Notes for the Lifebox, the Seashell, and the Soul - Rudy Rucker

Notes for The Lifebox, the Seashell, and the Soul, by Rudy Rucker
In the case where a general recursive function does happen to return an output for
each input, we call it a total recursive function. When I say a computation is recursive in the
sense of having a solvable halting problem, we really mean that it resembles a total recursive
function ⎯ in the sense that, by combining P and its halt detector HP, we can create a
computation P* which halts with an output for every input. P* acts the same as P on P’s
halting inputs, and it returns False for P’s non-halting inputs. P* uses HP to decide which
case to follow.
The Unsolvable Production Problem
Suppose I have a computation P and I’d like to find a way, given an In and an Out, to
find out if P(In) ever produces Out. As with the halting question, we can’t distinguish the
two possibilities simply by running P(In) and waiting for Out to appear.

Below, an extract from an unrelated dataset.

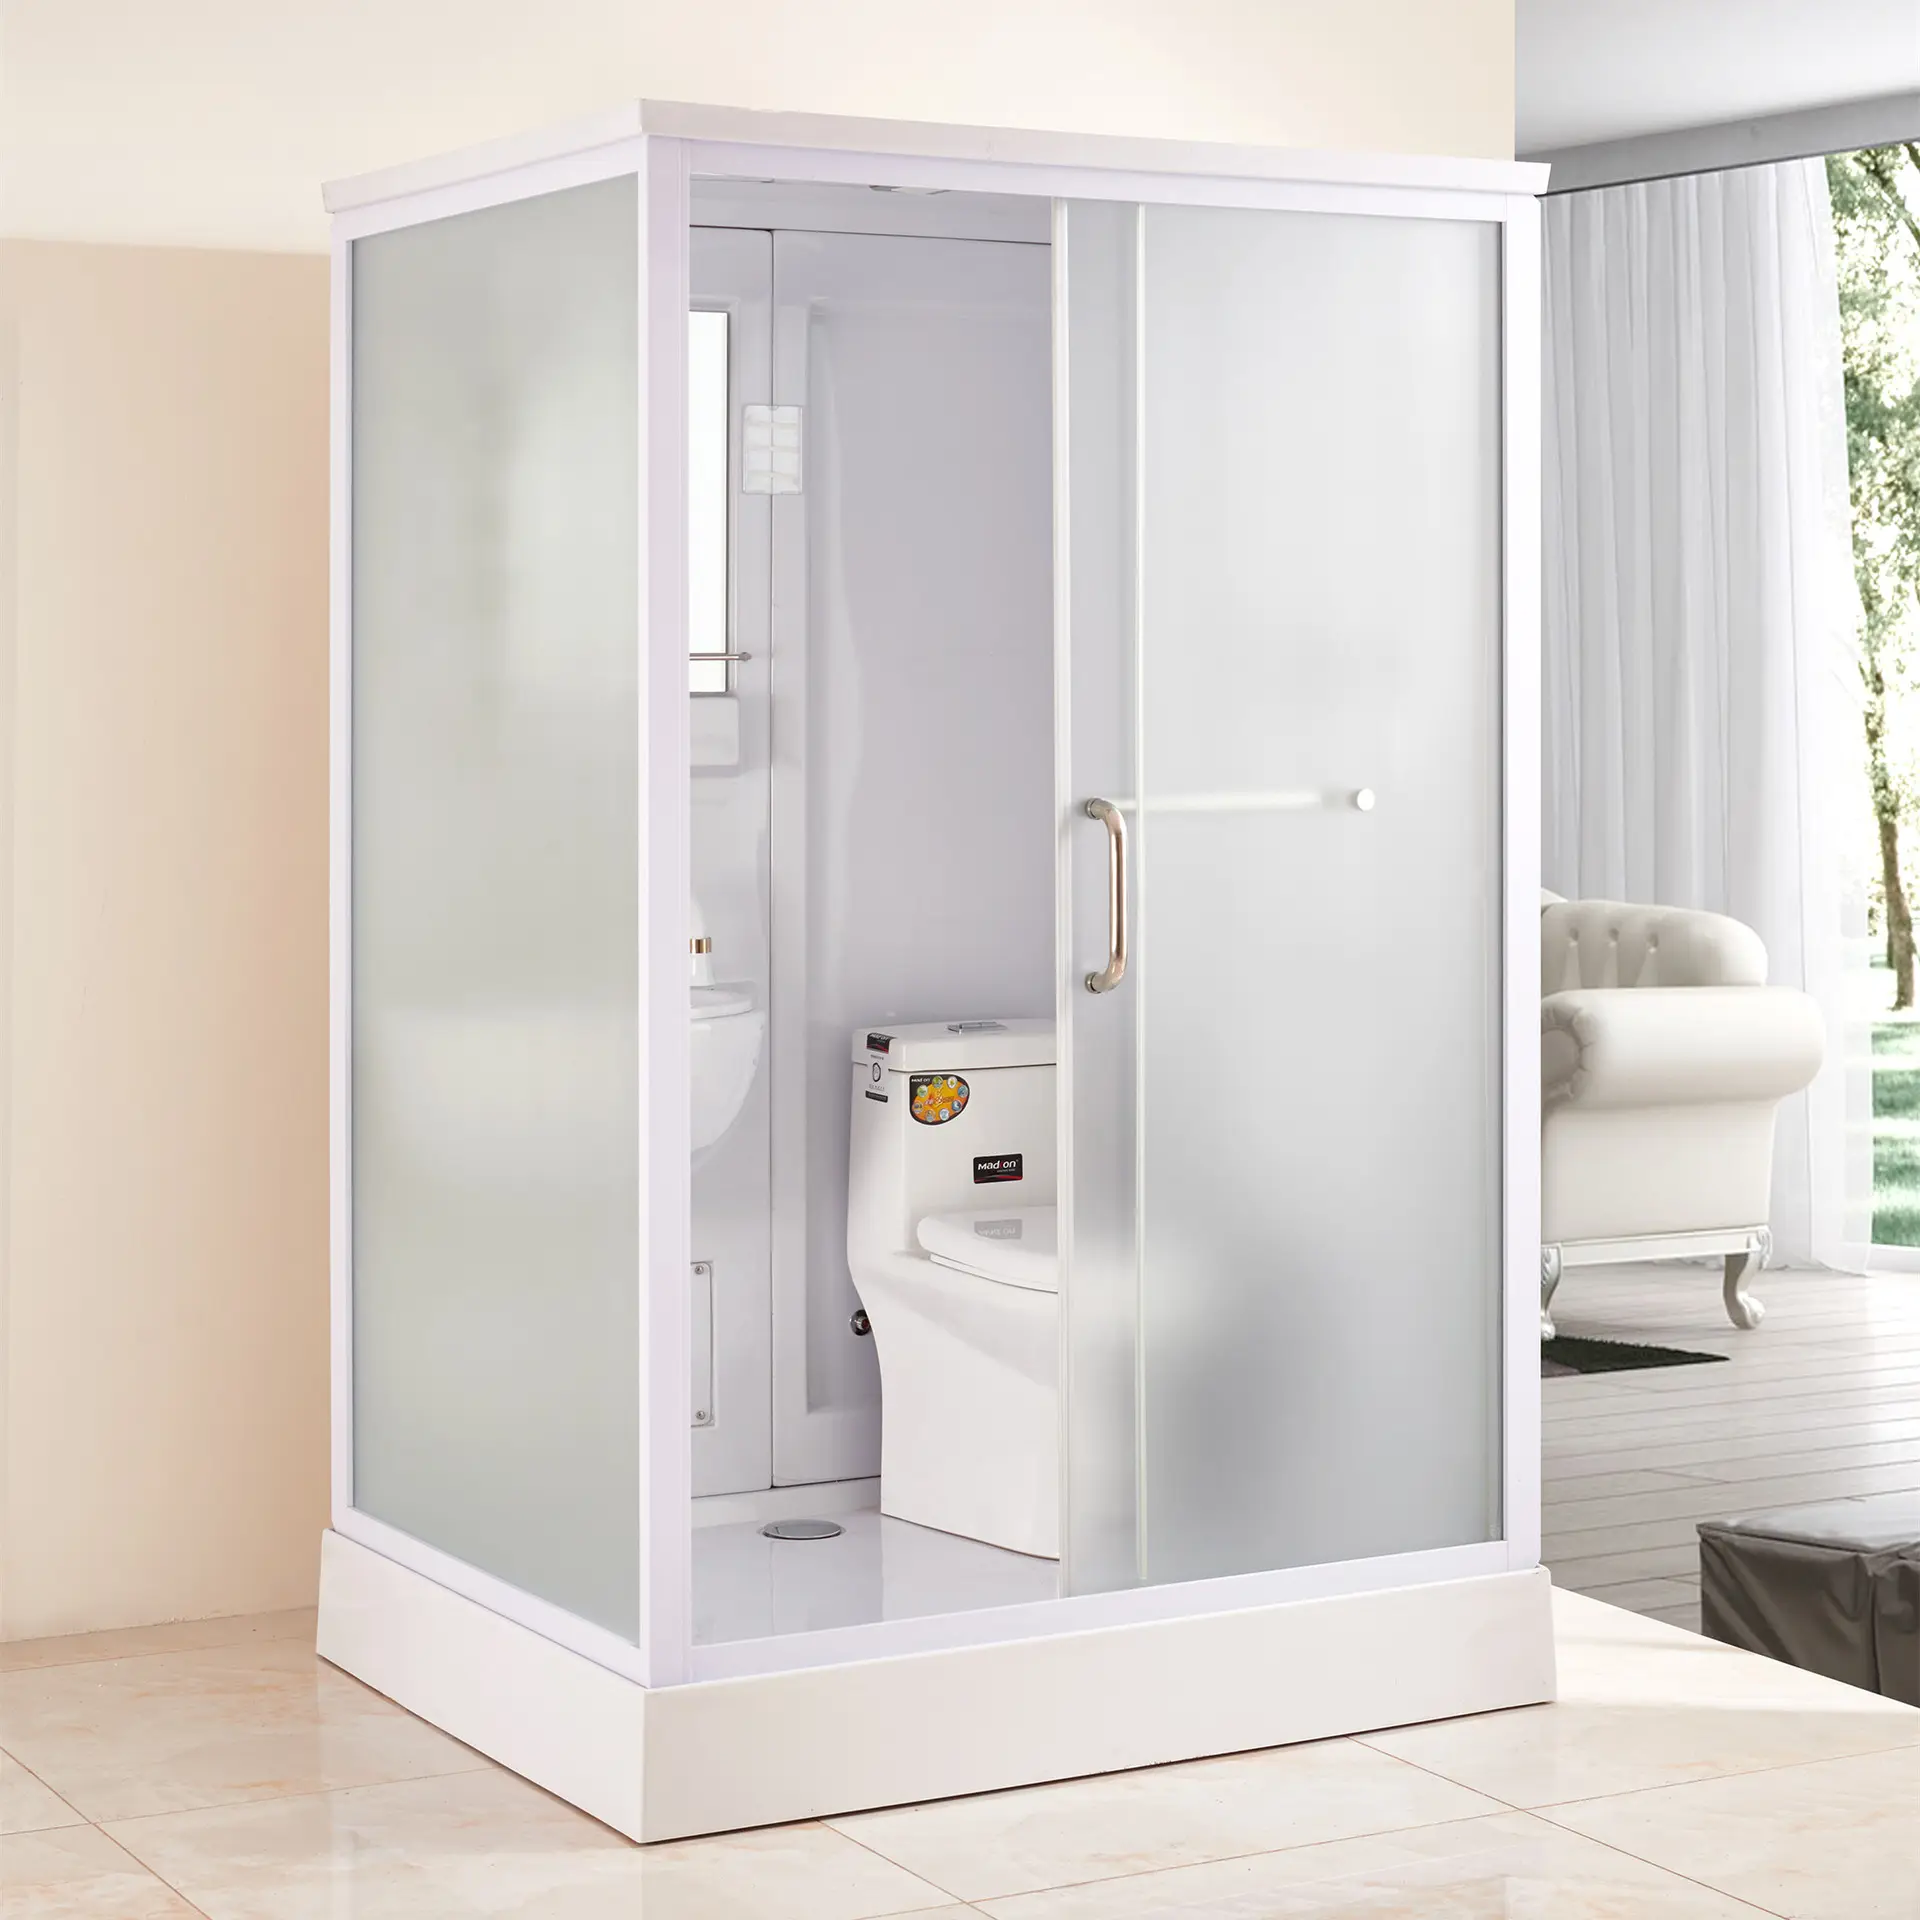 غرفة الاستحمام بسيطة تصميم المحمولة مقصورة للدش دش غرفة مع دوامة 5 مللي متر الزجاج المقسى

P(In) produces Out. In this case, we’ll be successful, and we know after a finite time
that, yes, Out appears among the states produced by P(In).
P(In) doesn’t produce Out. In this case, running P(In) never leads to an answer,
because we’ll never be sure if we’ve waited long enough for Out to appear.
The cases where P(In) doesn’t produce Out lead to an unsuccessful search. We’d like
to find a way to short circuit the endless wait for Out to turn up among the states produced by
P(In). That is, we’d like to have an non-production detector computation PFailsToProduce.
Definition. Given a computation P, we say the computation PFailsToProduce is a
non-production detector if PFailsToProduce has a special state True, and the following two
conditions are equivalent
PFailsToProduce (In, Out) produces True
P(In) doesn’t produce Out.
Definition. A computation P has a solvable production problem iff it has a nonproduction
detector. Otherwise we say P has an unsolvable production problem.
Turing’s Theorem (Variation 2). If U is a universal computation, then U has an
unsolvable production problem.
Degrees of Unsolvability
It’s convenient to use the notion of emulation to compare the power of computations.
Definition. Let P and Q be computations. If Q can emulate P, we say P has an
emulation degree less than or equal to Q, and write P ≤ e Q.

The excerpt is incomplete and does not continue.